This is Section 8.5.2 of the Arctic Climate Impact Assessment
Lead Authors: Frederick J.Wrona,Terry D. Prowse, James D. Reist; Contributing Authors: Richard Beamish, John J. Gibson, John Hobbie, Erik Jeppesen, Jackie King, Guenter Koeck, Atte Korhola, Lucie Lévesque, Robie Macdonald, Michael Power,Vladimir Skvortsov,Warwick Vincent; Consulting Authors: Robert Clark, Brian Dempson, David Lean, Hannu Lehtonen, Sofia Perin, Richard Pienitz, Milla Rautio, John Smol, Ross Tallman, Alexander Zhulidov

Uncertainty in projections of future temperature, hydrology, and precipitation, and their associated consequences for vegetation and nutrient patterns in arctic aquatic ecosystems, makes projecting the specific effects of climate change on a fish species difficult. To date, fisheries (Freshwater ecosystems and fisheries in the Arctic) literature has suggested three approaches to this problem:

  1. the use of regionally specific climate projections that can be coupled directly to knowledge of the physiological limits of the species;
  2. the use of empirical relationships relating local climate (weather) to measurements of species or stock dynamics (e.g., abundance, size, growth rate, fecundity) and comparison of population success temporally (e.g., from a period of climatically variable years) or spatially (e.g., locales representing the extremes of variation in weather conditions such as latitudinal clines); and
  3. the use of current distributional data and known or inferred thermal preferences to shift ecological residency zones into geographic positions that reflect probable future climate regimes.

Physiological approaches (8.5.2.1)

Temperature is typically regarded as a factor affecting individual physiological and behavioral processes, but it is also a key characteristic of the habitat of an organism. Hutchinson[1] defined the niche of an animal as the complete range of environmental variables to which it must be adapted for survival. At the fringes of the distributional range, abiotic parameters associated with particular niche axes are likely to exert a greater influence over the physiological responses (e.g., growth) of the species to its environment than elsewhere. Growth rates and population dynamics of fish living at the limits of their distribution usually differ from those of the same species living in the optimum temperature range[2]. For example, in studies of northern populations of yellow perch, Power M. and van den Heuvel[3] noted that although heterogeneous thermal environments allow fish opportunities to compensate for temperature fluctuations by selecting for preferred temperatures, such opportunities are limited in the portion of the geographic range where temperatures do not typically exceed those that define the optimum scope for growth. Accordingly, unless future temperatures increase above the point where the maximum scope for growth is realized, northern fish will be limited in their abilities to select for optimal growth temperatures and, consequently, are very likely to more strongly reflect the influence of temperature on growth than southern populations. This also suggests that analogues derived from lower-latitude populations will not be accurate guides to the probable impacts of temperature increases on subarctic and arctic fishes. Nevertheless, the effects of climate change in the north are very likely to include faster, temperature-driven growth and maturation rates, reductions in winter mortality, and expanded habitat availability for many species[4]. However, somatic gains will possibly be offset by increased maintenance-ration demands to support temperature-induced increases in metabolism. Ration demands for lacustrine fish are likely to be met as temperatures increase, since warm-water lakes are generally more productive than cold-water lakes[5]. Basic knowledge of temperature–growth relationships and temperature-dependent energy demands is lacking for many key arctic fish species, particularly those exhibiting primarily riverine life histories, thus accurate physiologically based projections of climate change impacts cannot be made.
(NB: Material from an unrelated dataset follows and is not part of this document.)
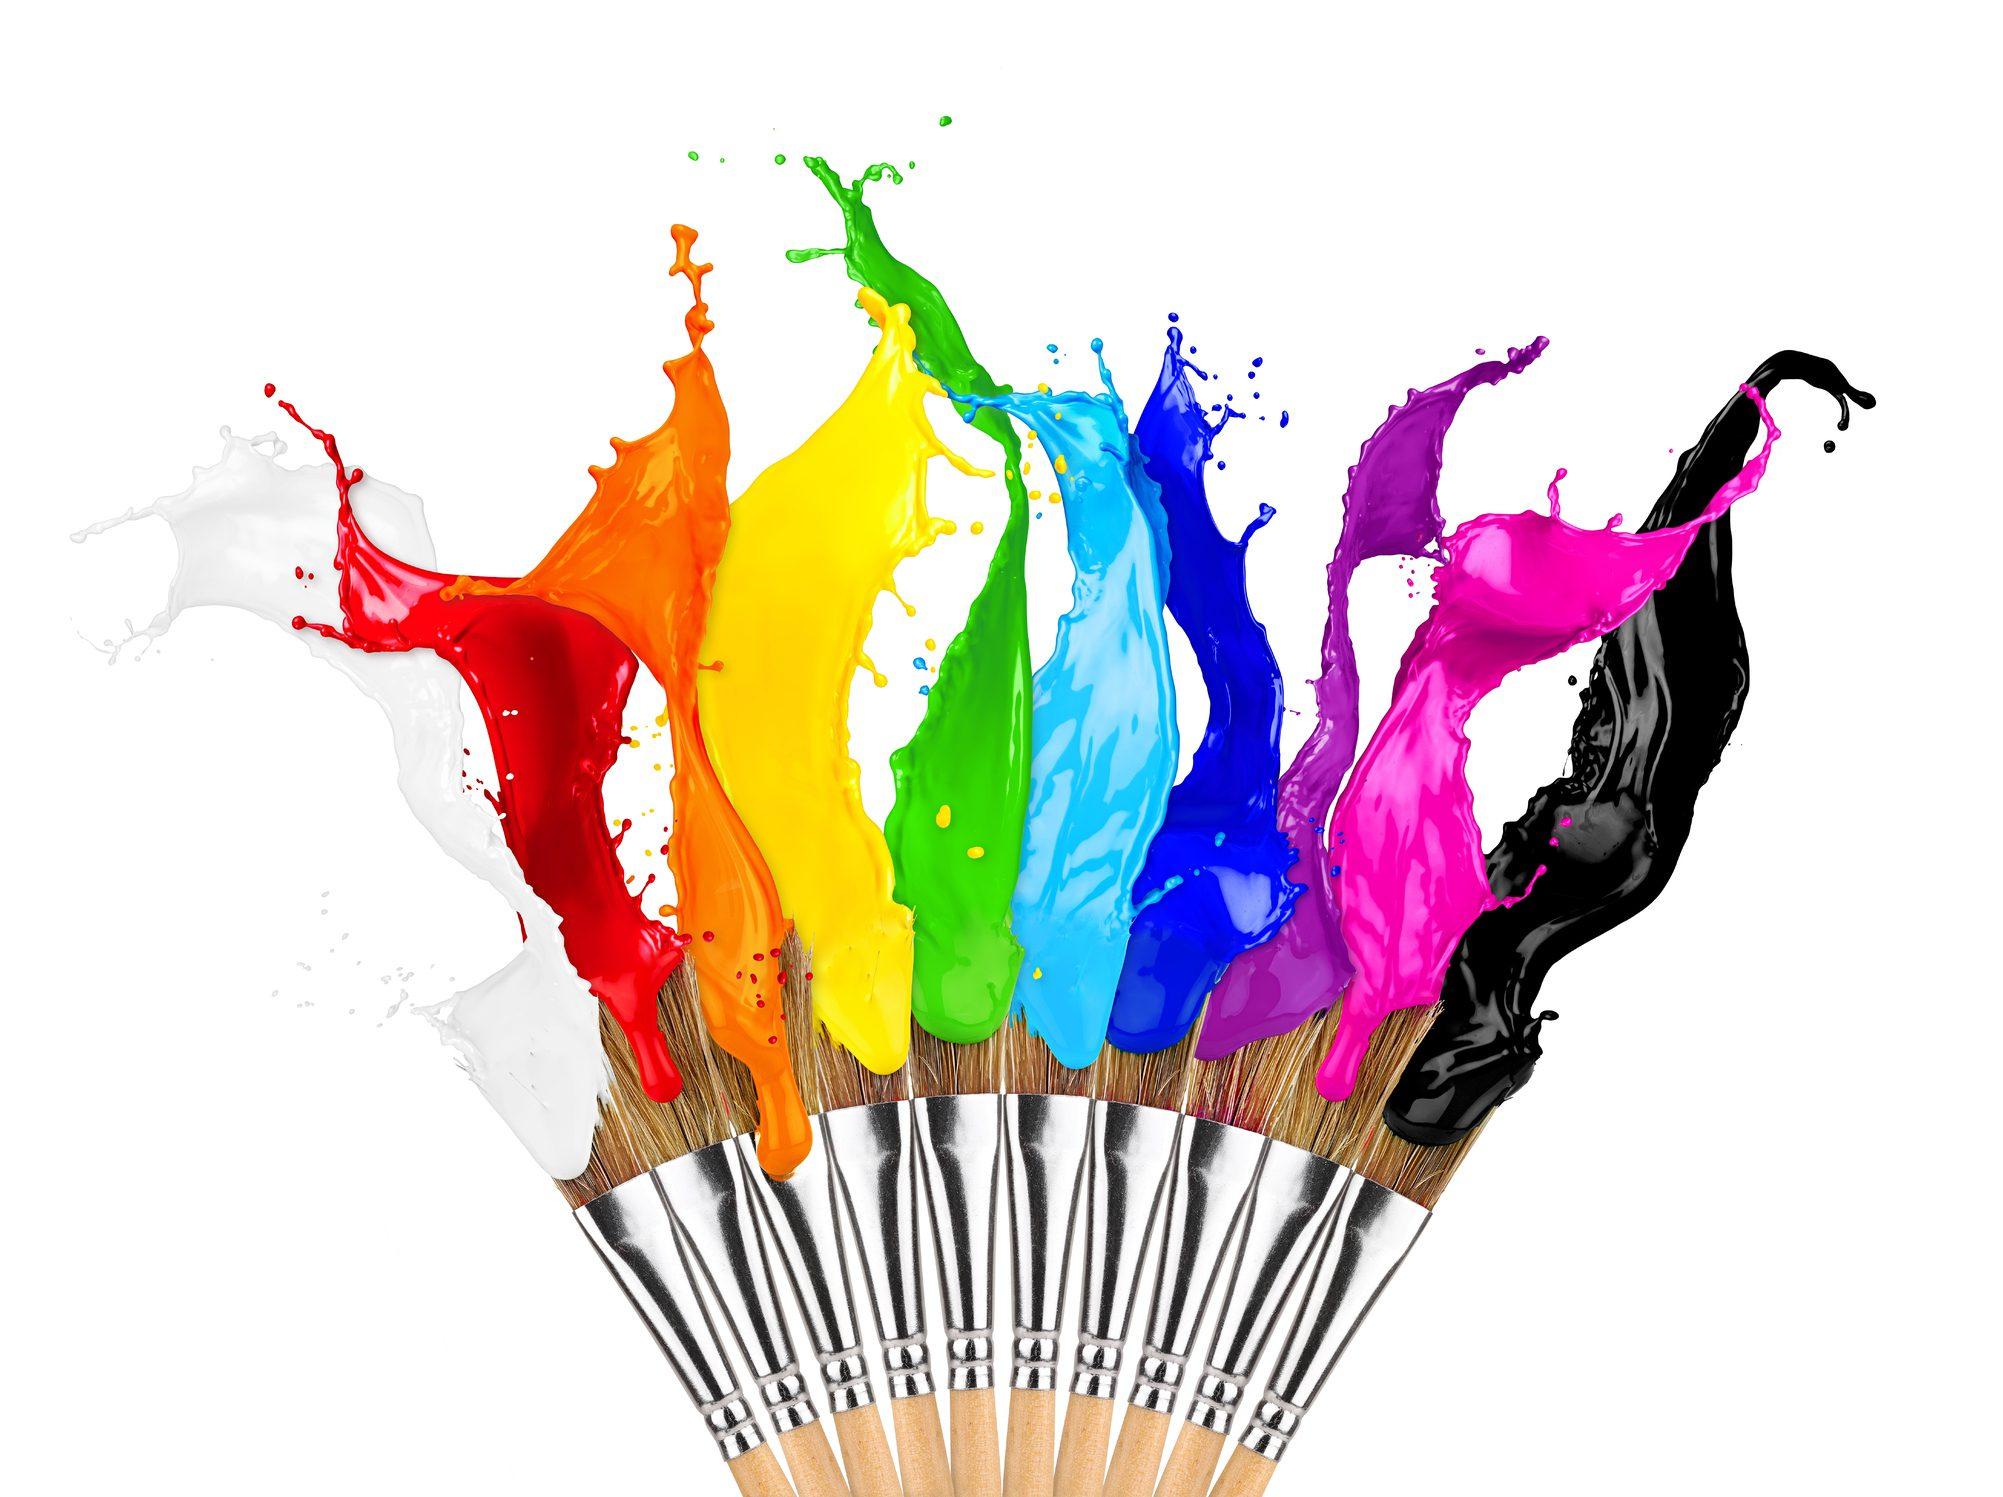 Colorful paint splatter on brushes
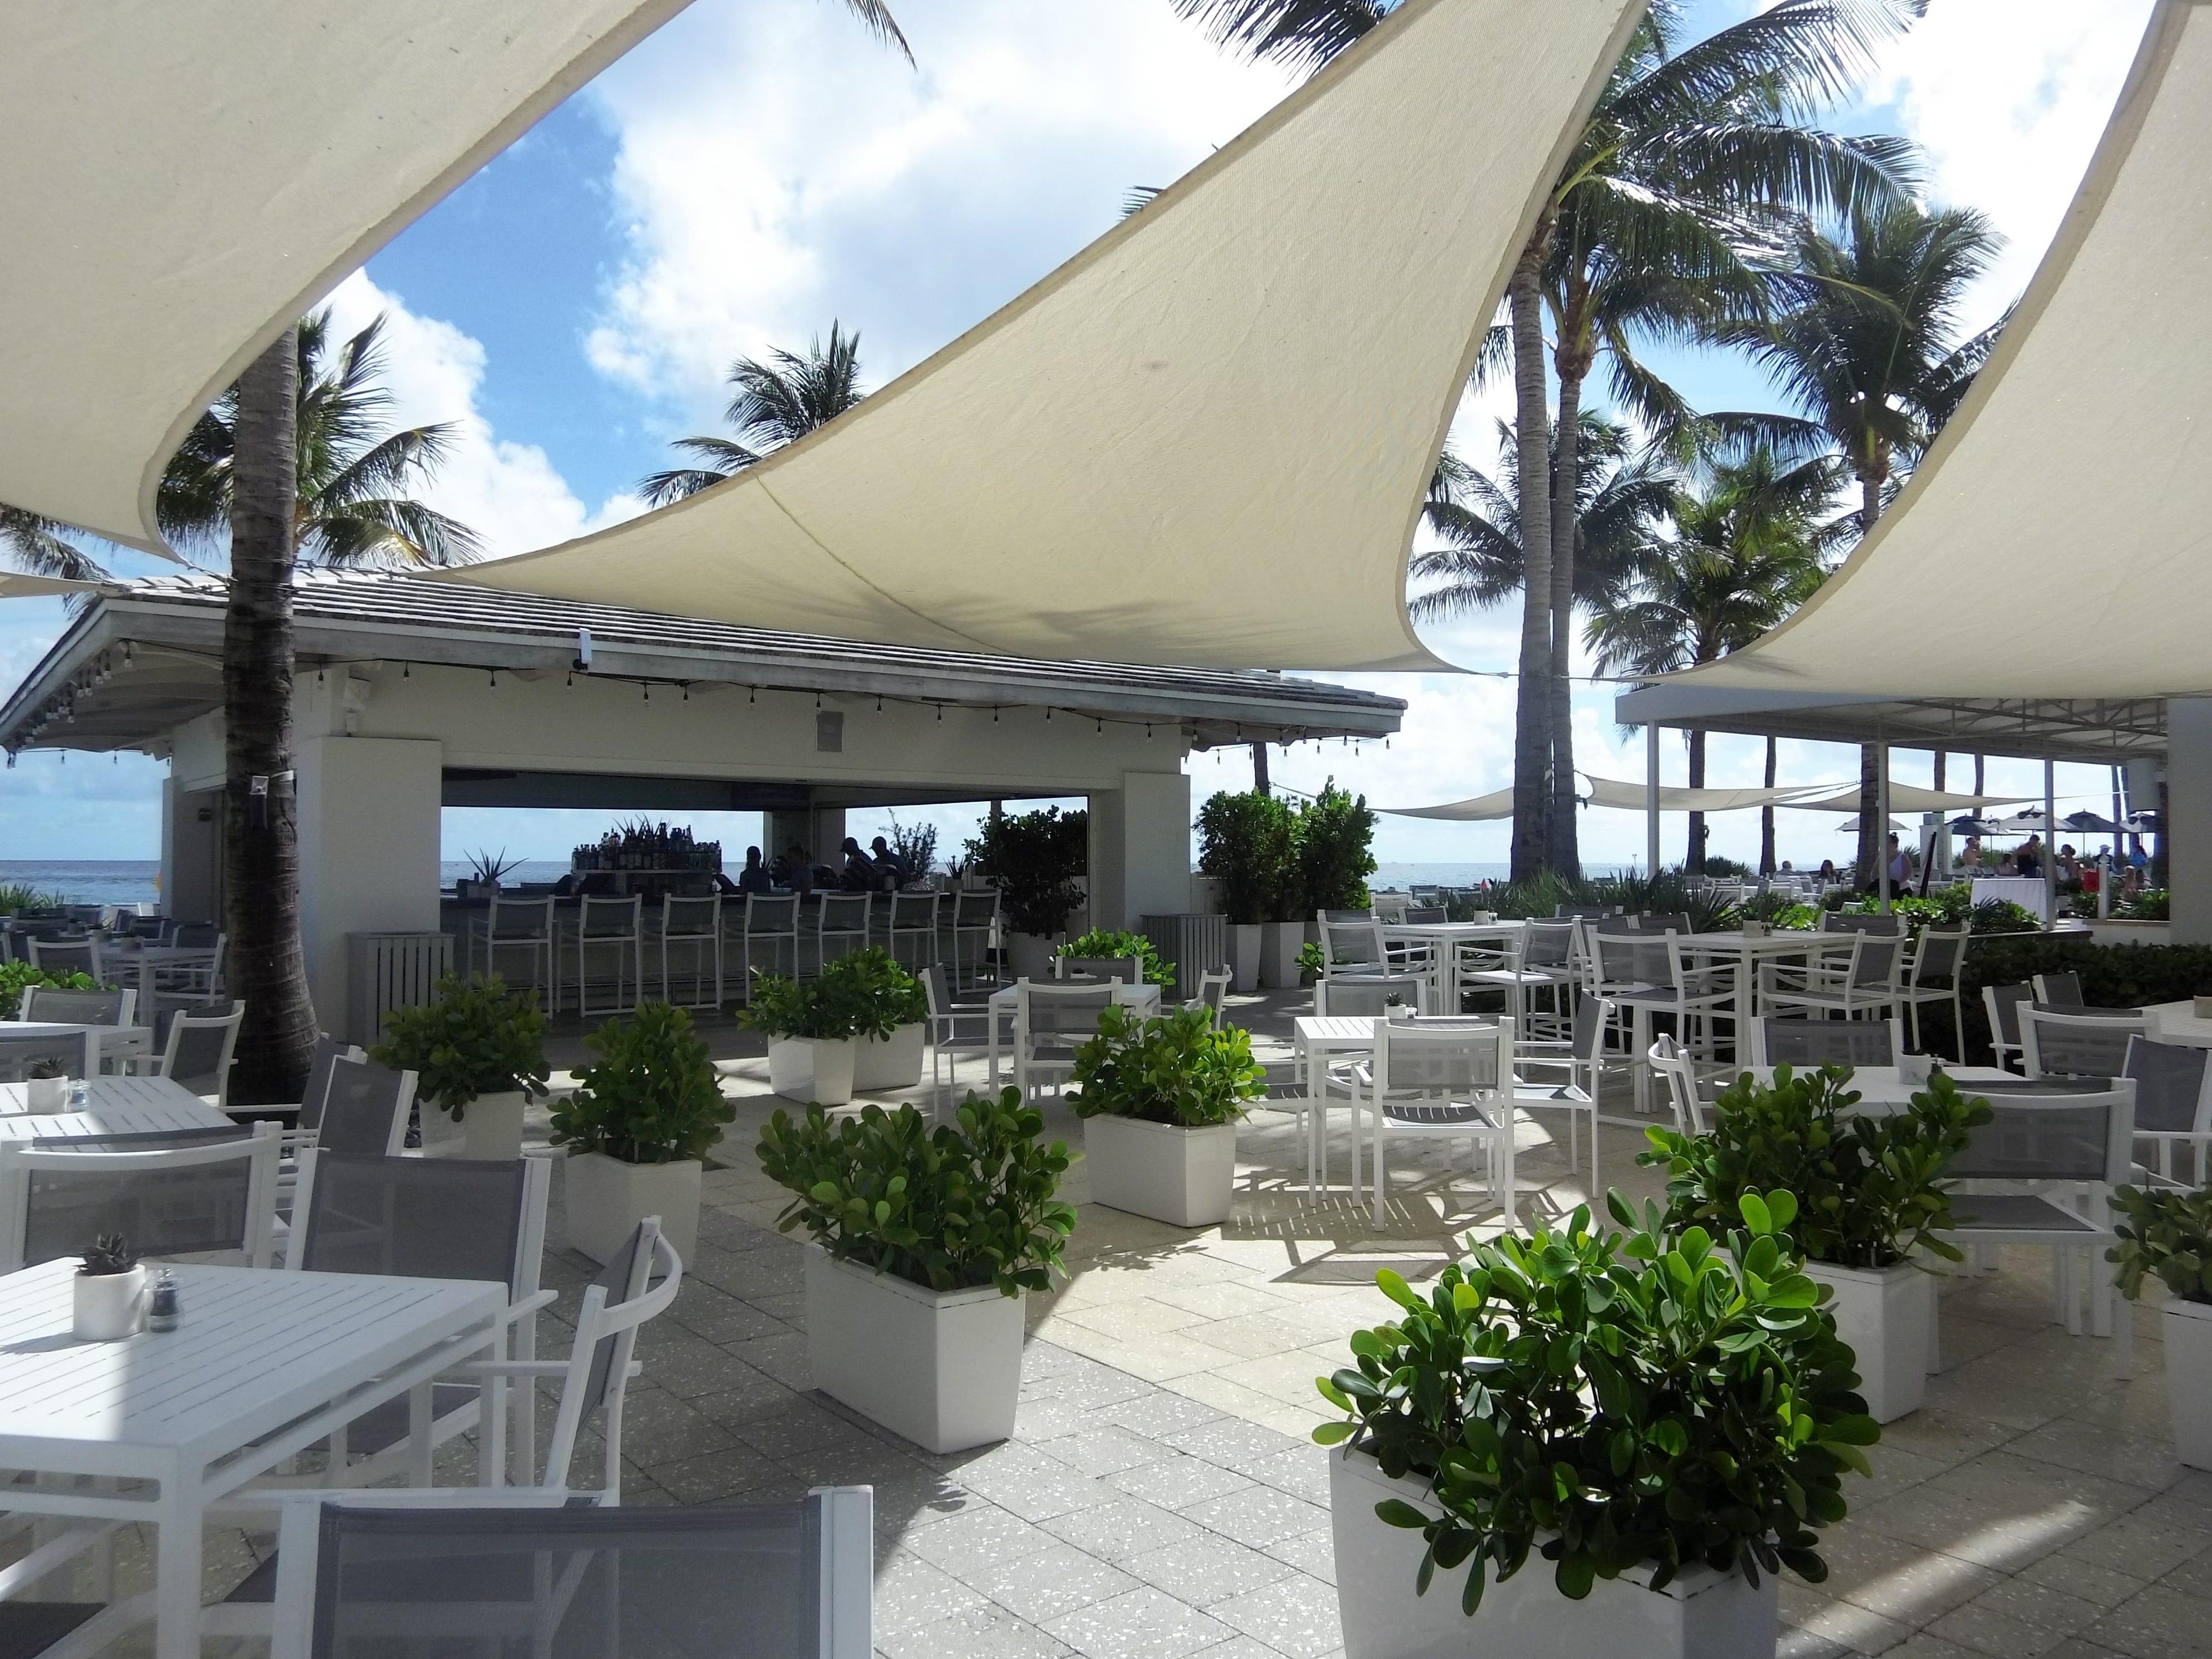 Outdoor seating at Beaches Restaurant and Bar at Boca Beach Club.

Empirical approaches (8.5.2.2)

Empirical approaches to projecting the possible effects of climate change on fish [[population]s] can be subdivided into two groups. The first group examines the integrated responses of a population measured by yield or production over time. The second group examines the population characteristics spatially and uses inherent latitudinal variability to make inferences about how they will change under climate change scenarios.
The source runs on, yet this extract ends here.